Hacker News new | ask | show | jobs
by mechagodzilla 821 days ago
They might generate improvements, but I’m not sure why people think those improvements would be unbounded. Think of it like improvements to jet engines or internal combustion engines - rapid improvements followed by decades of very tiny improvements. We’ve gone from 32-bit LLM weights down to 16, then 8, then 4 bit weights, and then a lot of messy diminishing returns below that. Moore’s is running on fumes for process improvements, so each new generation of chips that’s twice as fast manages to get there by nearly doubling the silicon area and nearly doubling the power consumption. There’s a lot of active research into pruning models down now, but mostly better models == bigger models, which is also hitting all kinds of practical limits. Really good engineering might get to the same endpoint a little faster than mediocre engineering, but they’ll both probably wind up at the same point eventually. A super smart LLM isn’t going to make sub-atomic transistors, or sub-bit weights, or eliminate power and cooling constraints, or eliminate any of the dozen other things that eventually limit you.
2 comments

Saying that AI hardware is near a dead end because Moore's law is running out of steam is silly. Even GPUs are very general purpose, we can make a lot of progress in the hardware space via extreme specialization, approximate computing and analog computing.
I'm mostly saying that unless a chip-designing AI model is an actual magical wizard, it's not going to have a lot of advantage over teams of even mediocre human engineers. All of the stuff you're talking about is Moore's Law limited after 1-2 generations of wacky architectural improvements.
Bro, Jensen Huang just unveiled a chip yesterday that goes 20 petaflops. Intel's latest raptorlake cpu goes 800 gigaflops. Can you really explain 25000x progress by the 2x larger die size? I'm sure reactionary America wanted Moore's law to run out of steam but the Taiwanese betrayal made up for all the lost Moore's law progress and then some.
That speedup compared to Nvidia's previous generation came nearly entirely from: 1) a small process technology improvement from TSMC, 2) more silicon area, 3) more power consumption, and 4) moving to FP4 from FP8 (halving the precision). They aren't delivering the 'free lunch' between generations that we had for decades in terms of "the same operations faster and using less power." They're delivering increasingly exotic chips for increasingly crazy amounts of money.
Pro tip: If you want to know who is the king of AI chips, compare FLOPS (or TOPS) per chip area, not FLOPS/chip.

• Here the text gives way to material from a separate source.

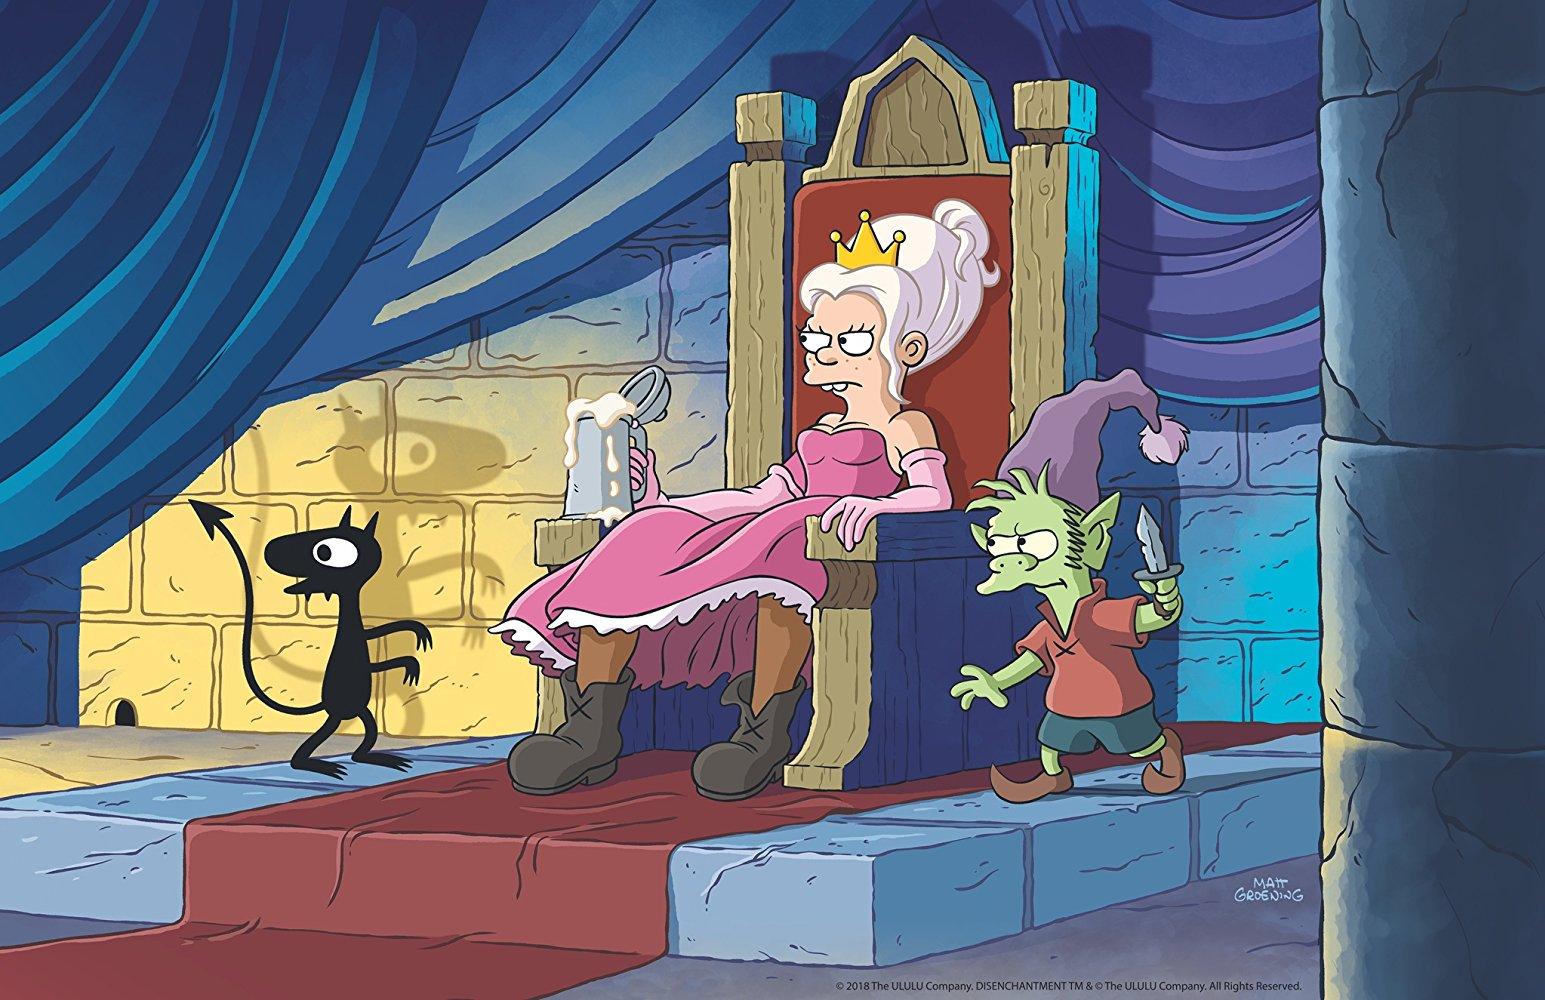 Primer tráiler de '(Des)encanto', la serie de Matt Groening para Netflix

As long as the bottleneck is the fab capacity as wafers per hous, the number of operations per second per chip area determines who will produce more compute with best price. It's a good measure even between different technology nodes and superchips.

Nvidia is leader for a reason.

If manufacturing capacity increases to match the demand in the future, FLOPS or TOPS per Watt may become relevant, but now it's fab capacity.

Taiwanese betrayal? I’m not sure I understand the reference.
There's no reference. It's just a bad joke. What they did was actually very good.